### Task instructions
Please keep the images out and set down the data exactly as given.
Data segment START
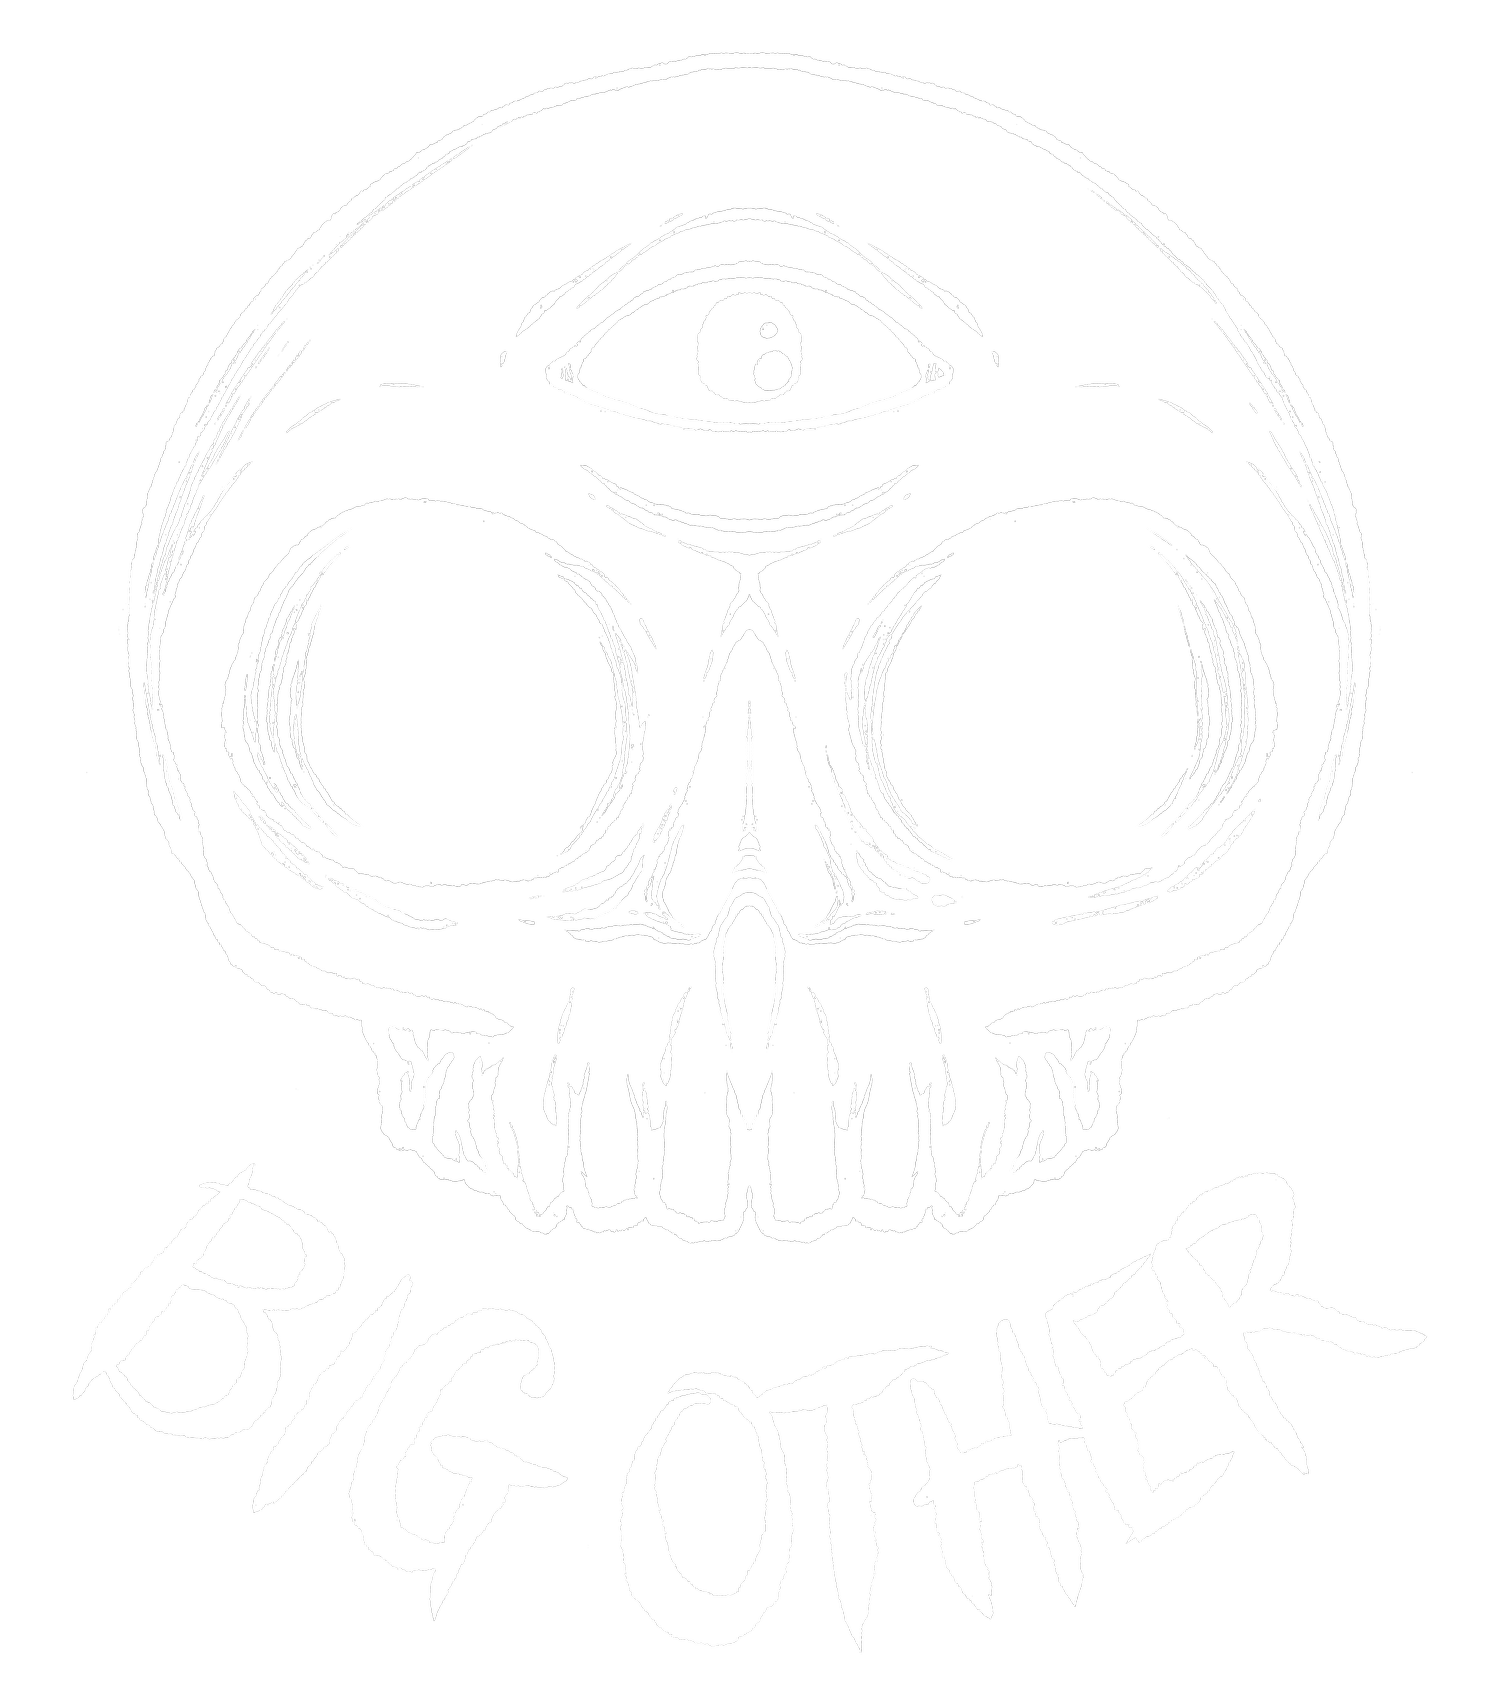 Big Other
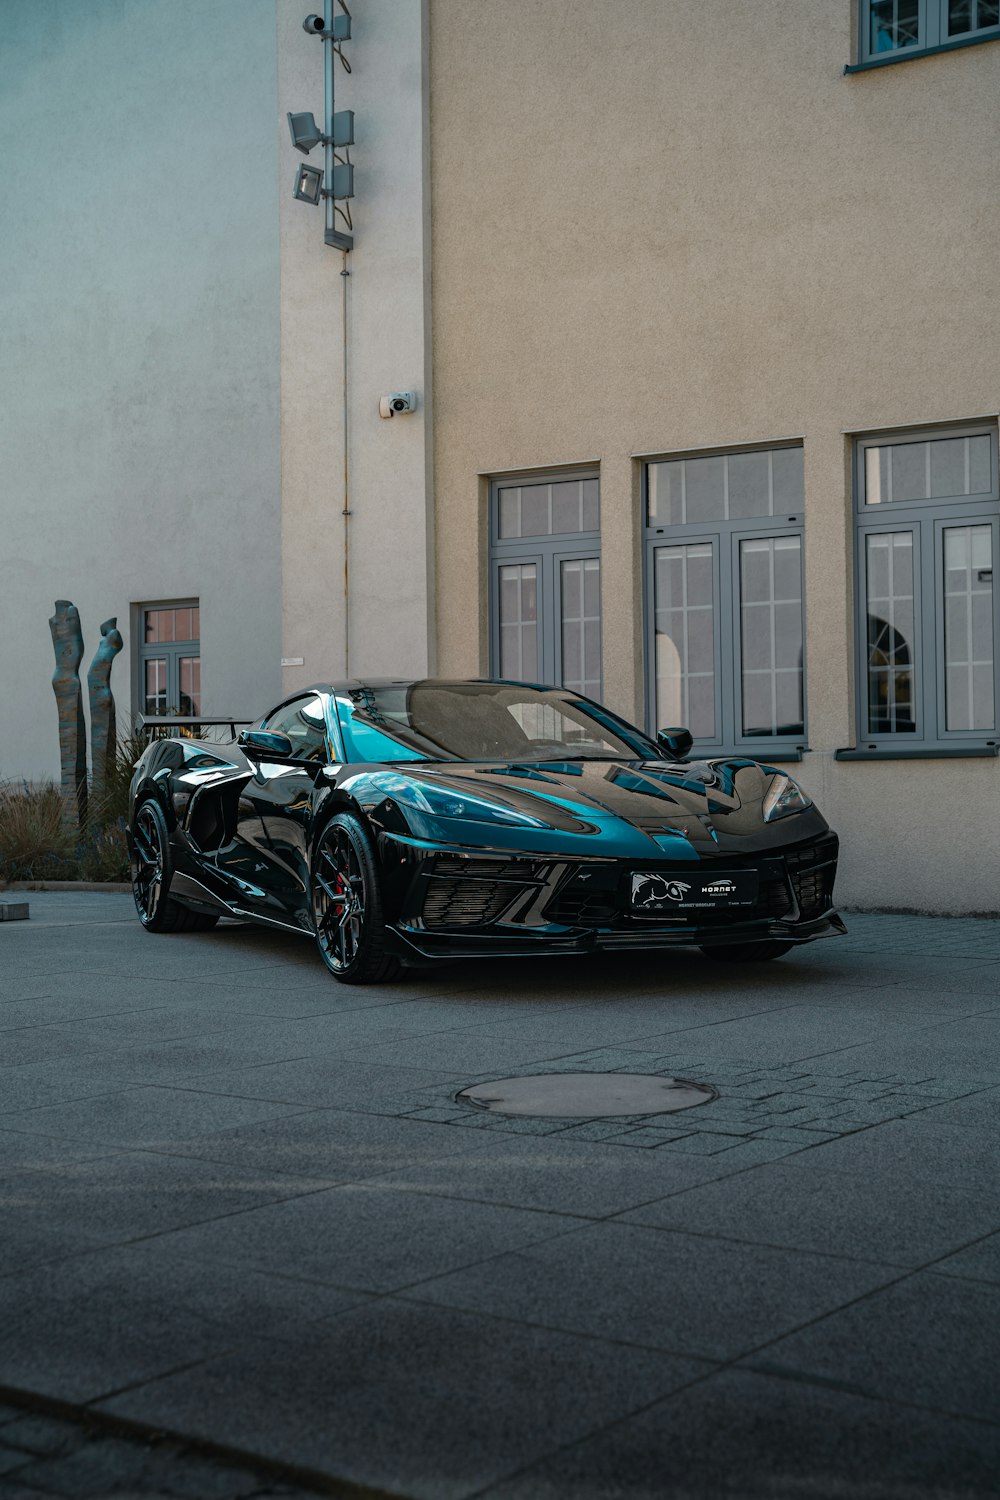 a black and blue sports car parked in front of a building
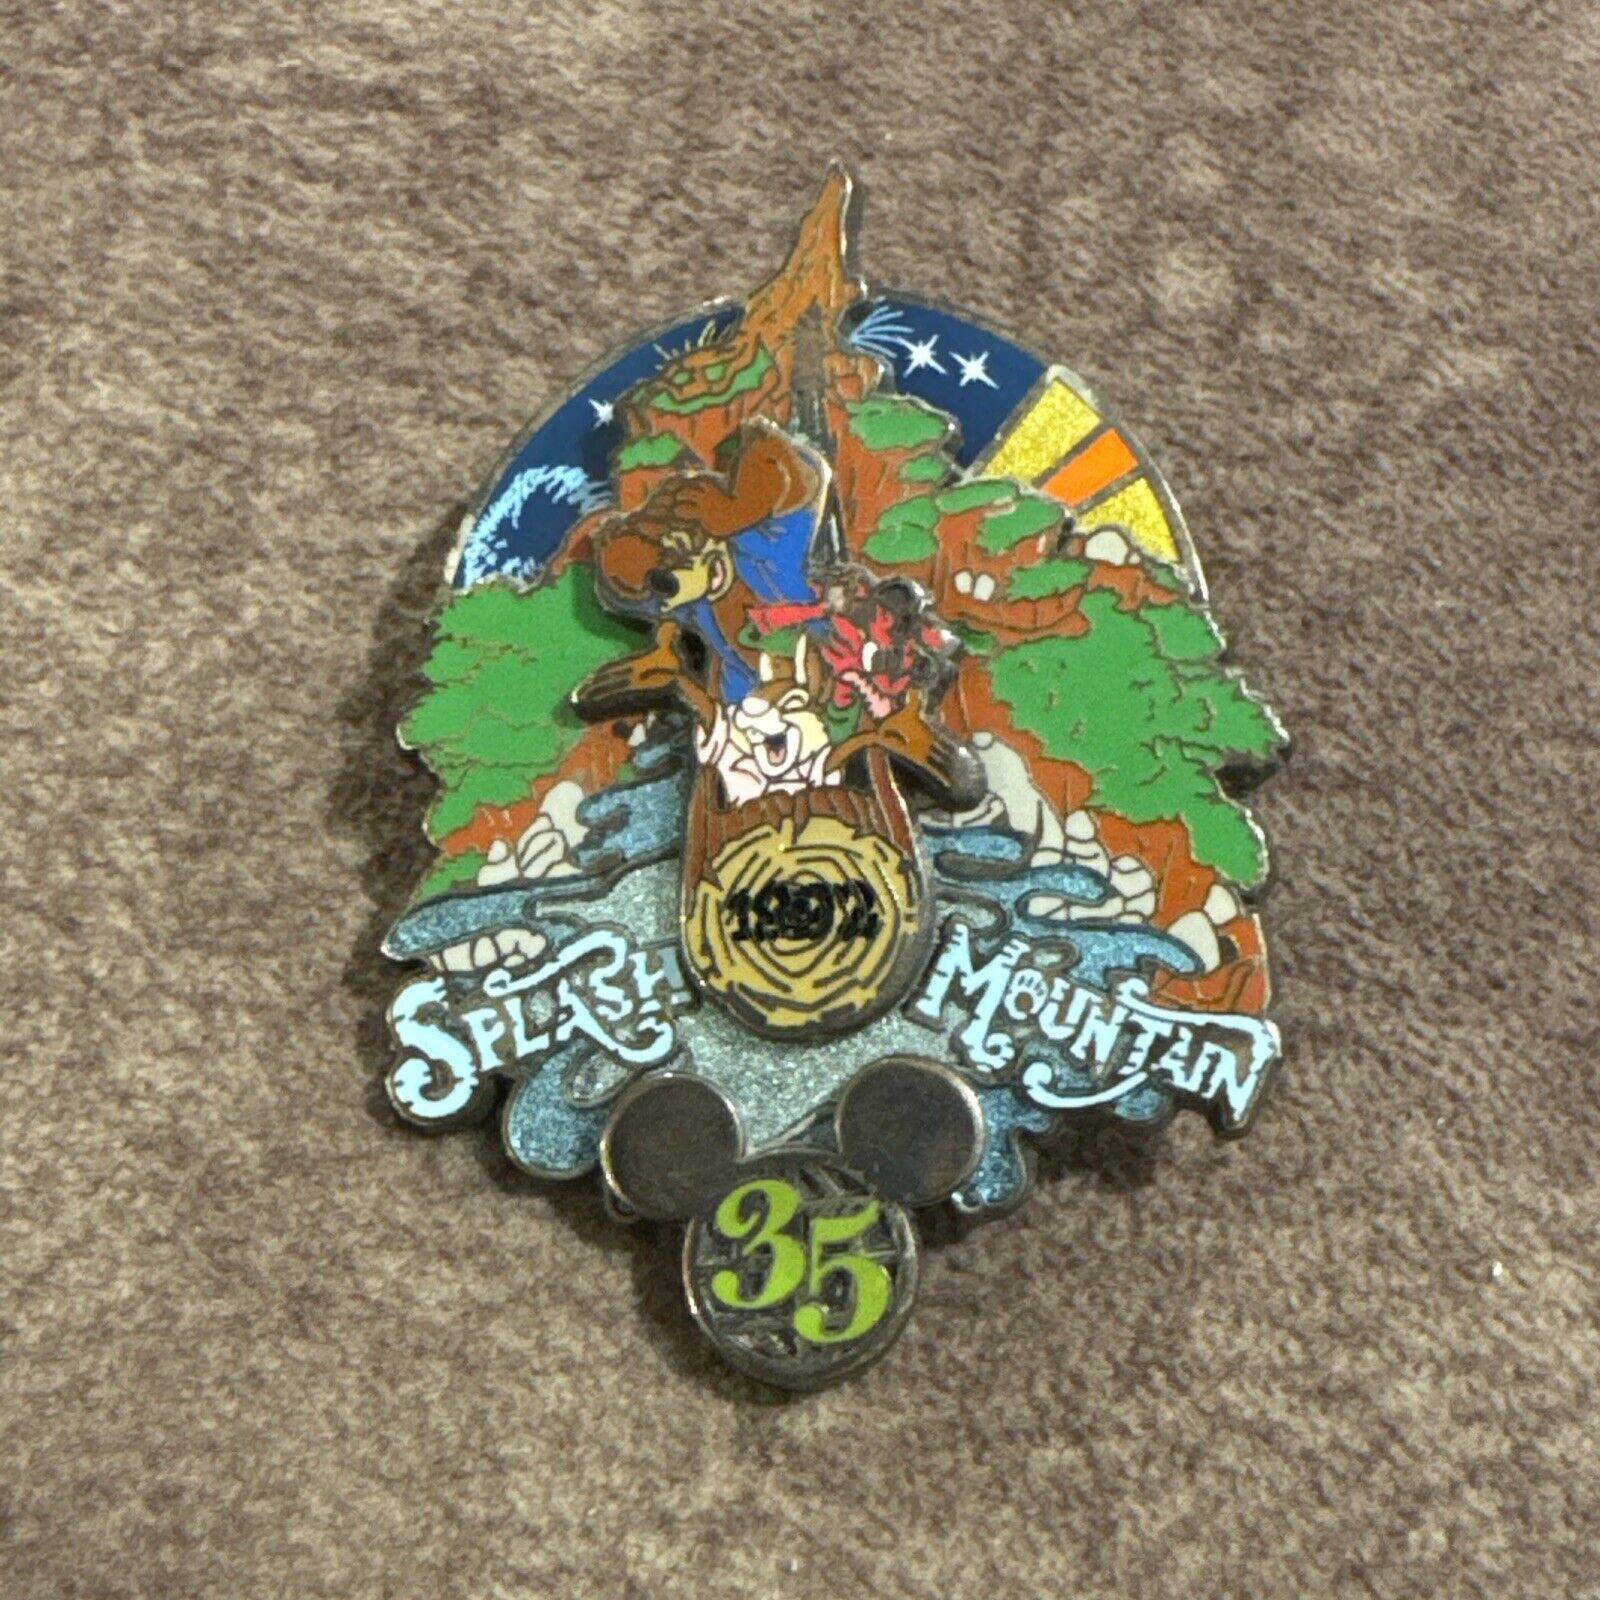 Hard To Find Splash Mountain 35th Anniversary Pin See Pics
Data segment END
### Answer for this exercise
 Big Other
 a black and blue sports car parked in front of a building
 Hard To Find Splash Mountain 35th Anniversary Pin See Pics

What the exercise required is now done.